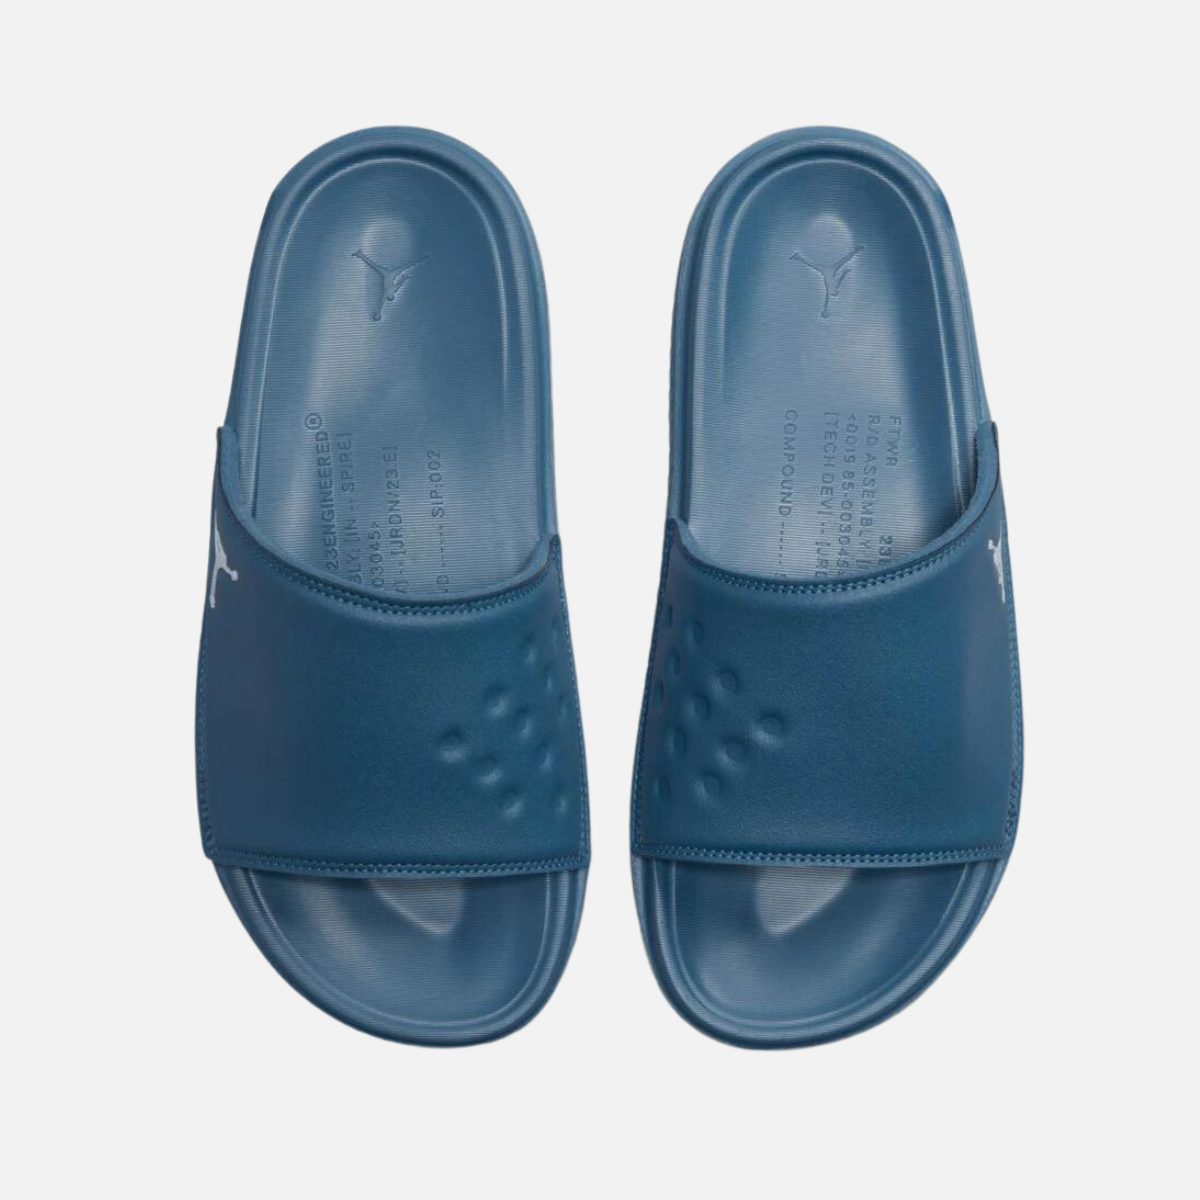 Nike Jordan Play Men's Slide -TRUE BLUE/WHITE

* * *

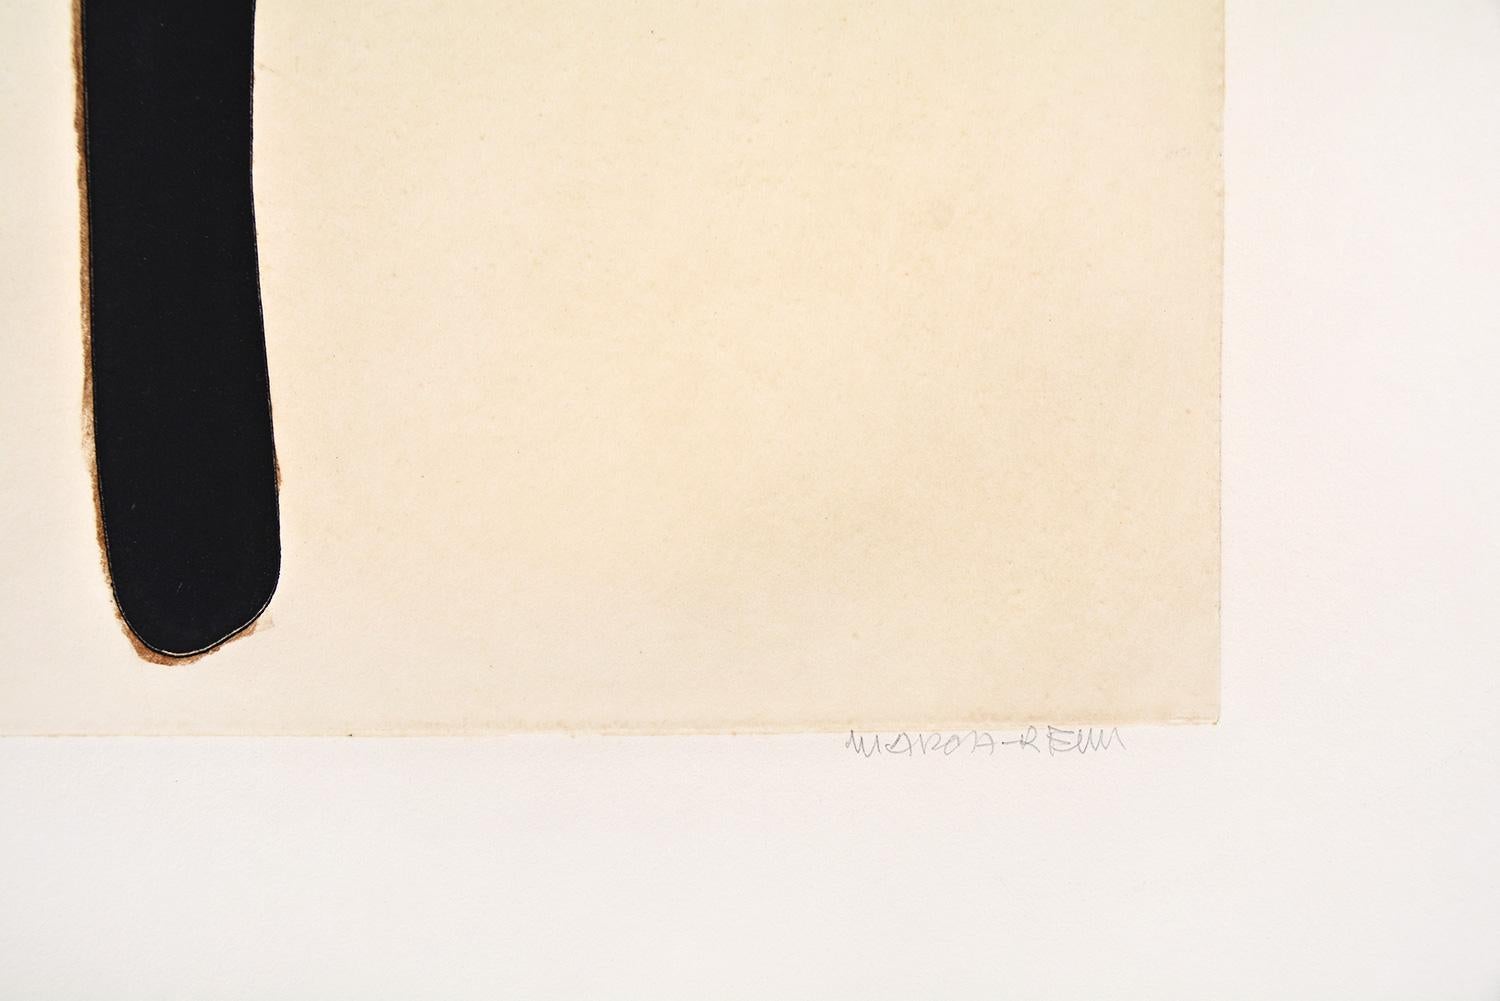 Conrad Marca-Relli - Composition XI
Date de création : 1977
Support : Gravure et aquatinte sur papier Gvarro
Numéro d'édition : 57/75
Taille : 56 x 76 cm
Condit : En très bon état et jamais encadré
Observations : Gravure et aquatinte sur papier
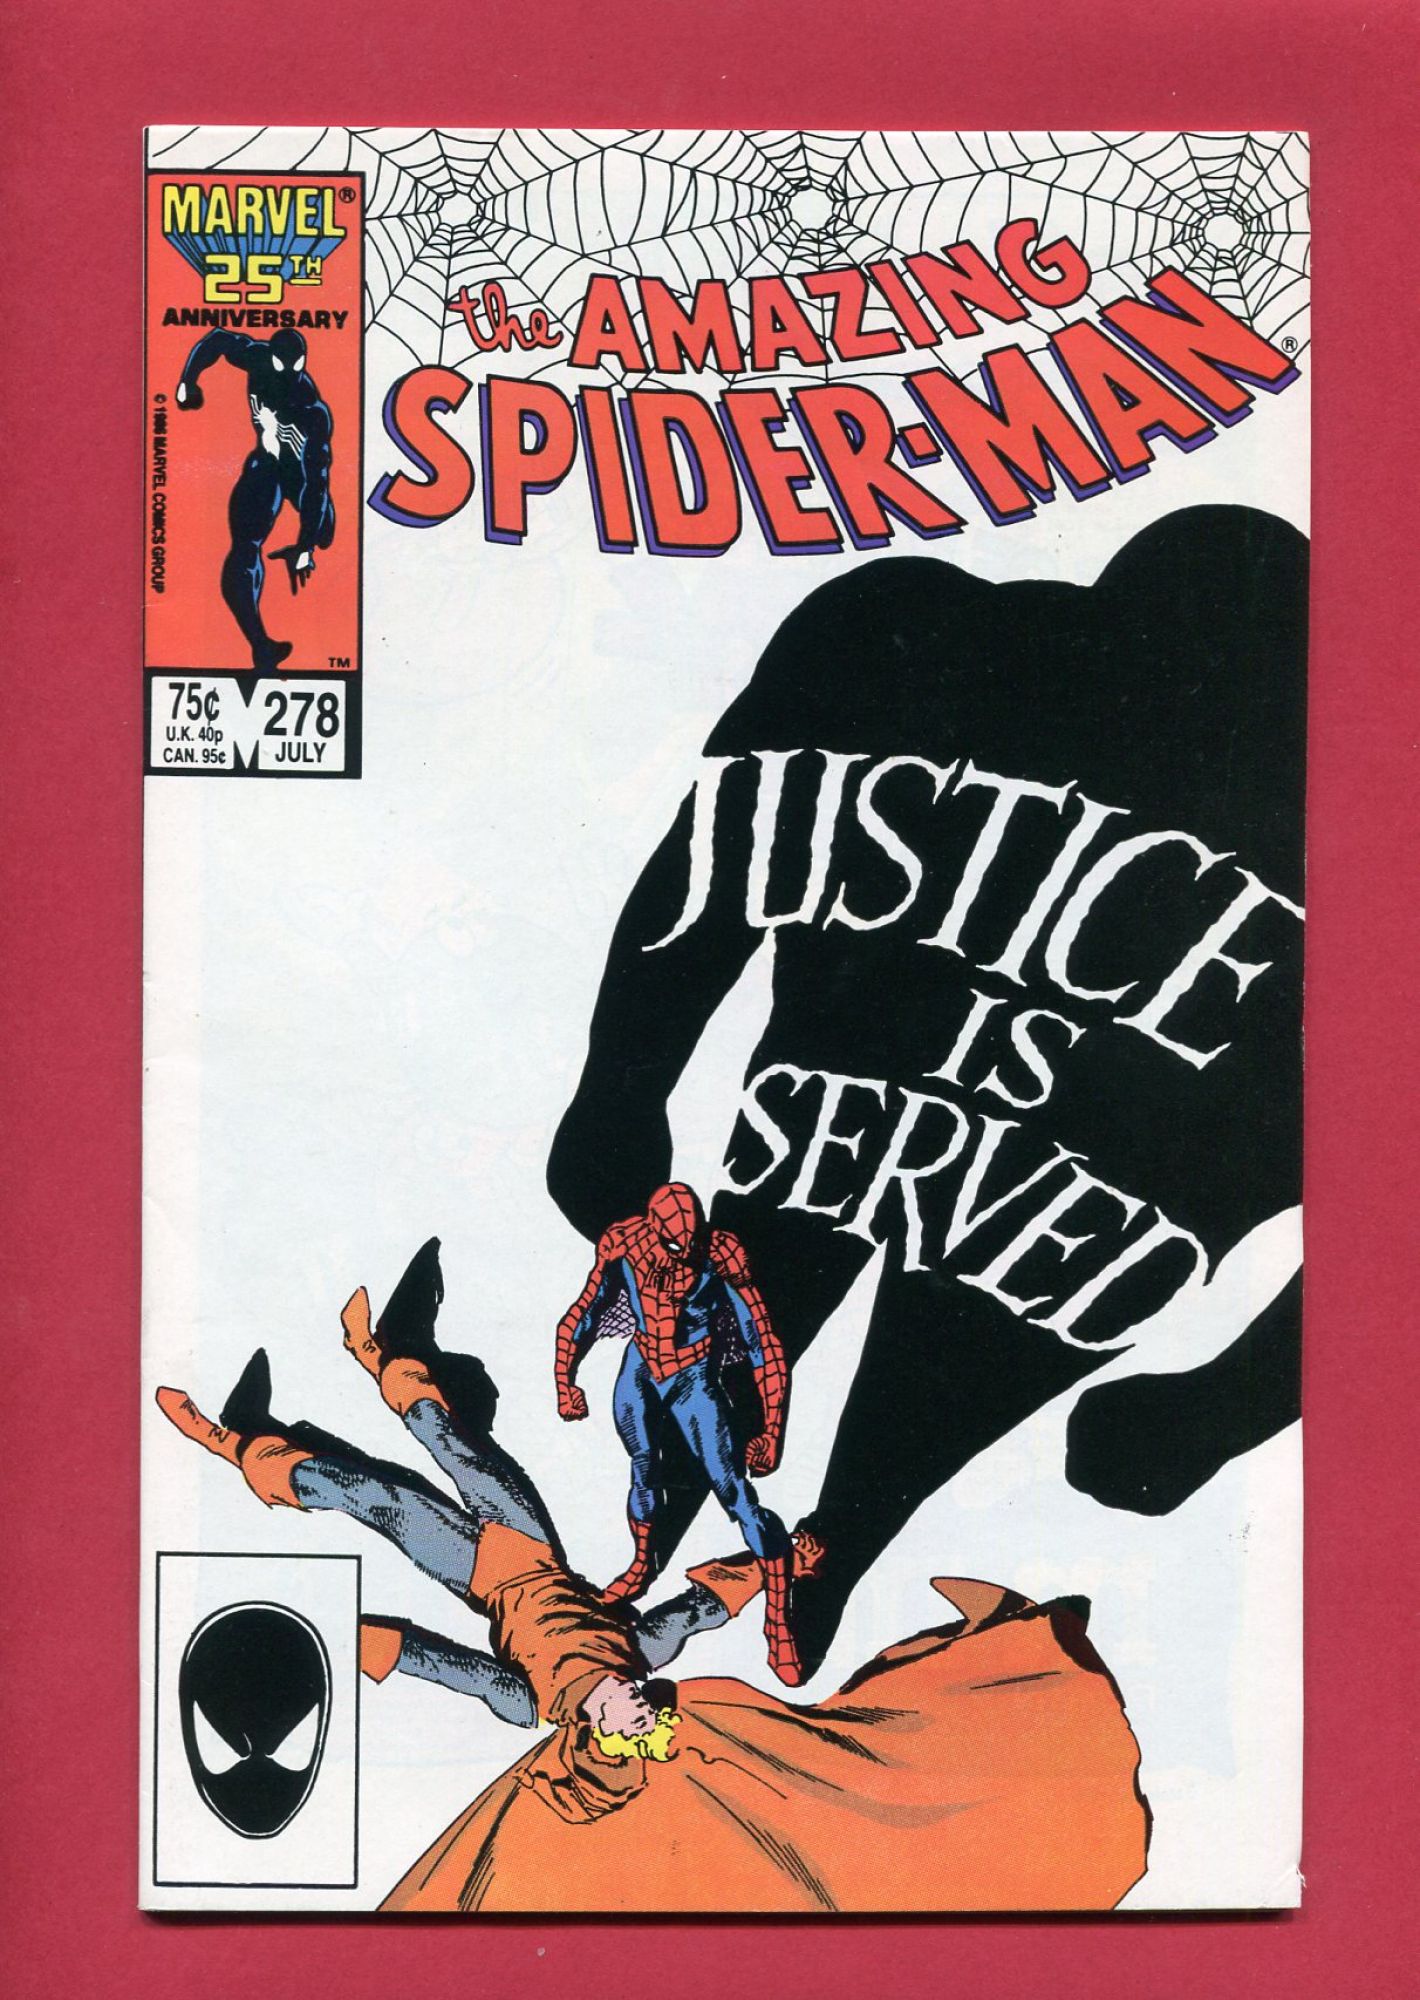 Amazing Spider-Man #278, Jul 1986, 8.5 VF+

◆ Your goal
Everything above from the line that has "Date de création : 1977" down to the line that has "Amazing Spider-Man #278, Jul 1986, 8.5 VF+" should be output exactly, with both of those lines included. Leave the pictures behind.

◆ Exercise output
Date de création : 1977
Support : Gravure et aquatinte sur papier Gvarro
Numéro d'édition : 57/75
Taille : 56 x 76 cm
Condit : En très bon état et jamais encadré
Observations : Gravure et aquatinte sur papier
 Amazing Spider-Man #278, Jul 1986, 8.5 VF+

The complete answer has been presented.